Delayed plaques and pseudodendrites associated with herpes zoster may be responsive to certain antiviral therapy.[6]

Excimer laser phototherapeutic keratectomy has been demonstrated as a useful adjunct to the treatment of shield-shaped keratoconjunctivitis.[9, 10]

Consultations

In patients with Sjögren syndrome, a rheumatology consult may be helpful.

 

Medication

Medication Summary

The goals of pharmacotherapy are to reduce morbidity and to prevent complications.

Topical collagenase inhibitors

Class Summary

Used to inhibit lytic effect of collagenase.
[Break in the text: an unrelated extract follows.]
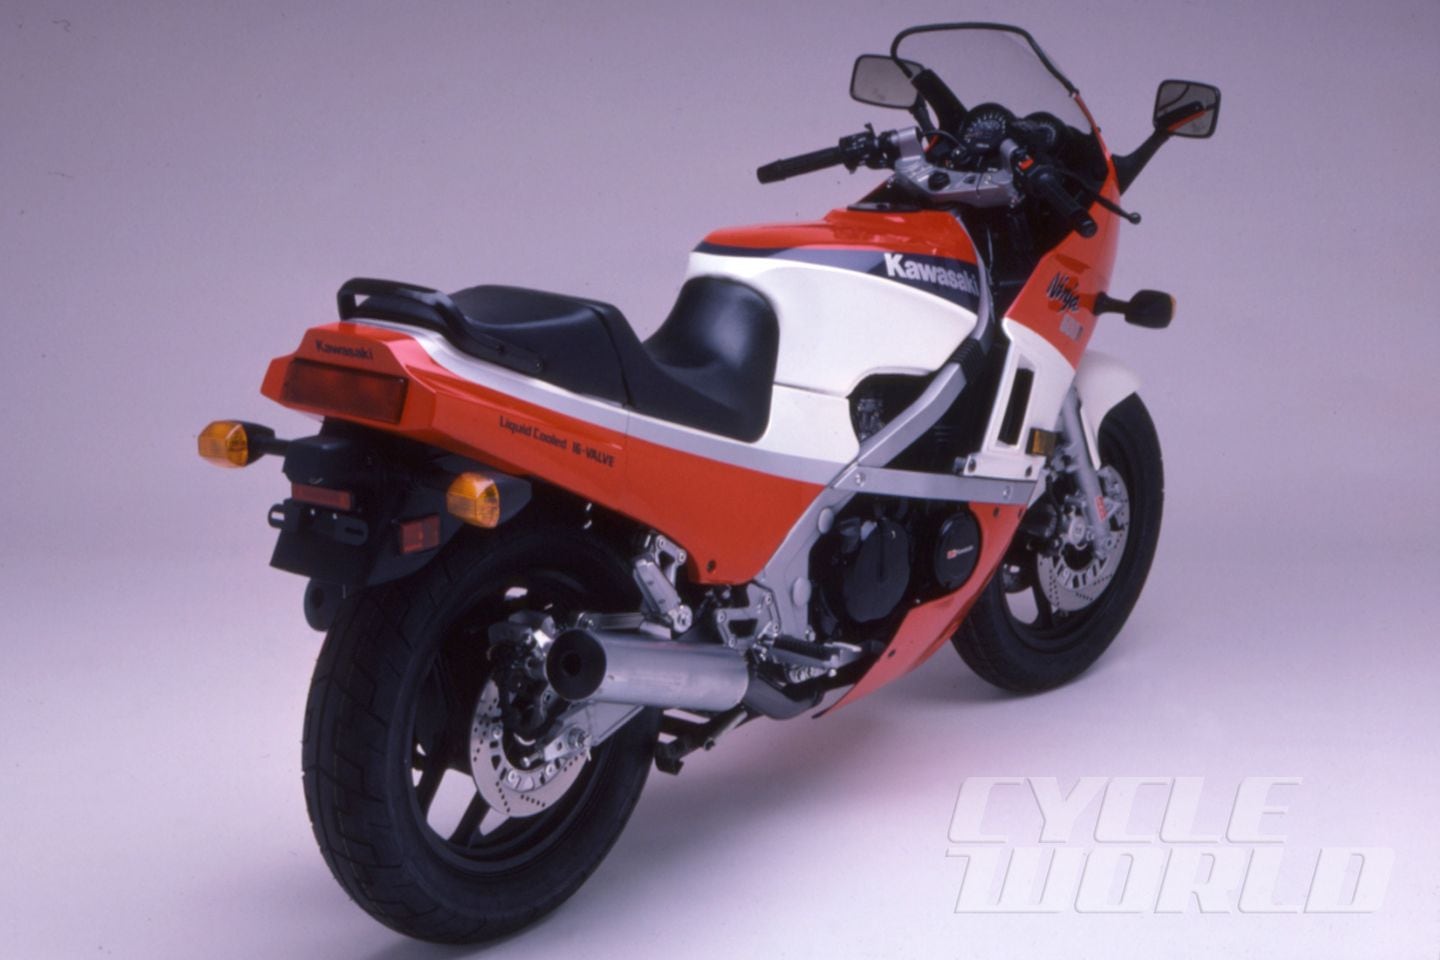 Ninja Motorcycle History: 1984 GPz900 to 1990 ZX-11 | Cycle

N-acetylcysteine (Mucomyst 20%)

Action is somewhat unclear. Mucomyst 20% is diluted to a 10% solution with artificial tears. Use of this medication dissolves mucous plaques.

 

Follow-up

Complications

Corneal plaques may cause eye pain and blurred vision during their presence. They also can be associated with epithelial defects.

Prognosis

Corneal plaques generally only last a few days to a few weeks; however, they can reoccur but usually not in the same location.